Допустим, что другой немецкий купец только по привычке, не отдавая себе отчета в значении и истолковании, наклеивает этот английский рекламный ярлычок на свой немецкий товар. Допустим далее, что при употреблении этого крылатого слова он сознает одни только практические мотивы, – все же и в этом случае у такого небогатого мыслями купца имеется налицо эстетический мотив. Правда, он не совершил в сфере языка никакого эстетического действия, но только удовлетворился таковым. Но даже если бы он удовлетворился не под влиянием хорошего вкуса, а под влиянием отсутствия вкуса и безвкусицы. то все-таки – и безвкусица есть форма вкуса и служит если не плюсом, то по крайней мере минусом в эстетическом причинном ряду. Ни малейшее изменение звуков не совершается в языке помимо известной эстетической симпатии и некоторого удовлетворения, являющихся действием лингвистического чувства или вкуса.

В каких временных и пространственных рамках происходит подобное изменение языка, – это зависит от практических условий внешнего и внутреннего, природного и культурного порядка.
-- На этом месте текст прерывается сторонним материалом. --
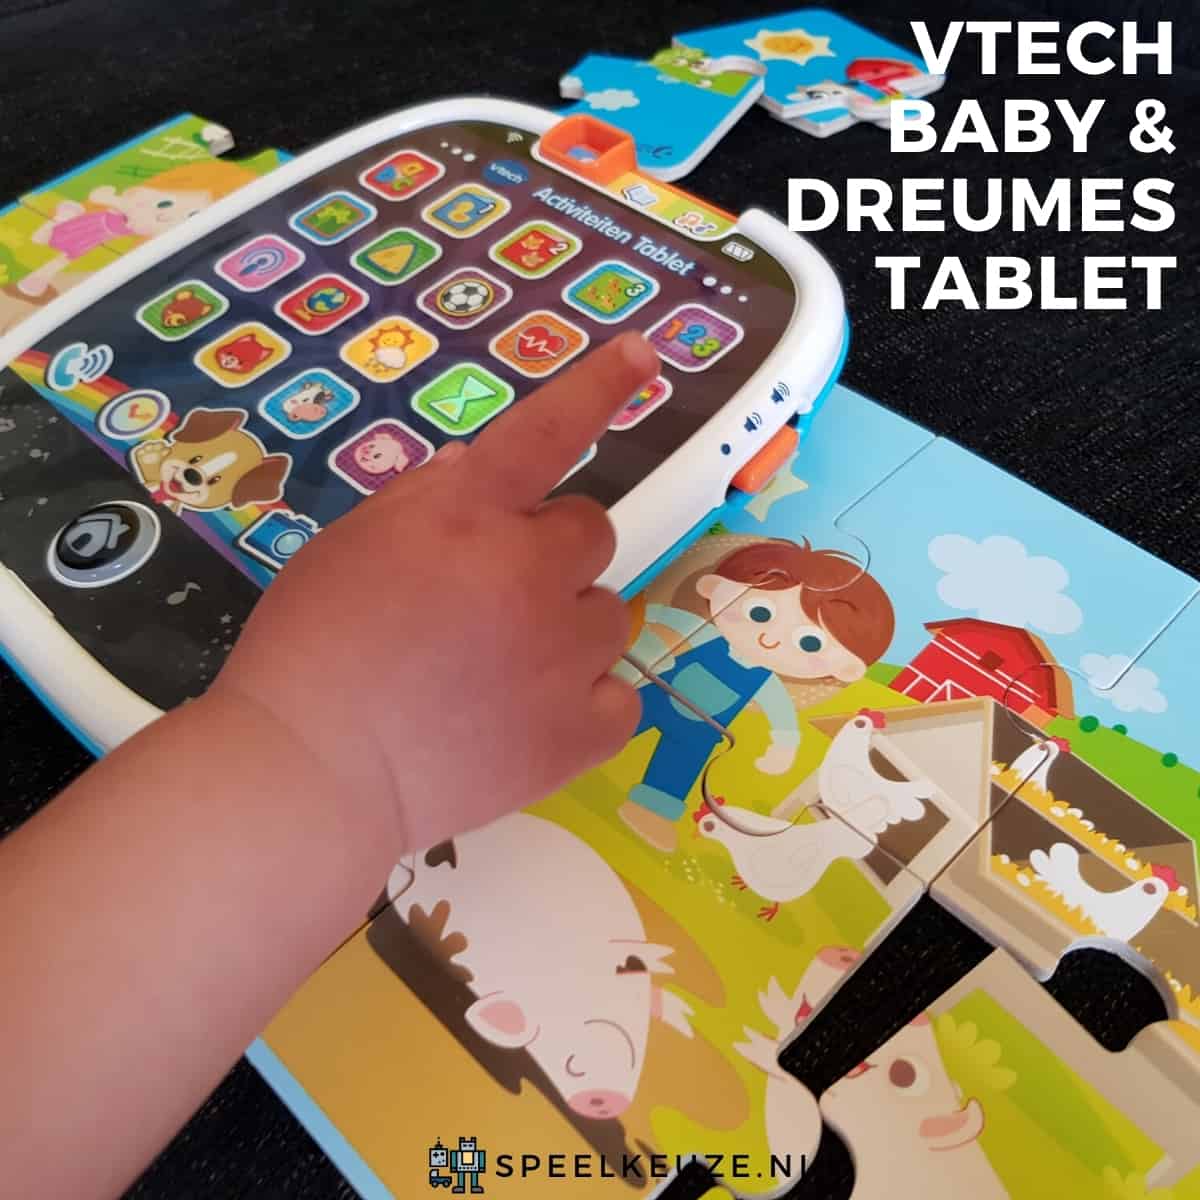 Lo mejor para bebés y niños pequeños: tableta de actividades Vtech

Однако в каждом отдельном случае, у всякого индивида, во все времена и при всех обстоятельствах сама возможность и самый факт осуществления такого изменения обусловлен глубоко скрытым, почти незаметным эстетическим механизмом.

Форму нашей речи можно сравнить с формой нашей одежды. Практическая жизнь принуждает нас и предлагает нам всевозможные образцы. Наш вкус, однако, решает при выборе фасона и цвета. История языка, какую дает нам историческая грамматика, есть, грубо говоря, то же самое, что история одежды, не исходящая из понятия моды или вкуса времени, хронологически и географически упорядоченный список пуговиц, булавок, чулок, шляп и лент. В исторической грамматике пуговицы и ленты называются, например, ослабленным или полным, глухим е, звонким d и т.д.

Конечно, без такого перечня пуговиц и булавок невозможна ни одна история языка.

Однако притязать на научный характер может только та история языка, которая рассматривает весь практически причинный ряд лишь с целью найти в нем особый эстетический ряд, так чтобы лингвистическая мысль, лингвистическая истина, лингвистический вкус, лингвистическое чувство или, как говорит Гумбольдт, внутренняя форма языка в своих физически, психически, политически, экономически и вообще культурно обусловленных изменениях стала ясной и понятной.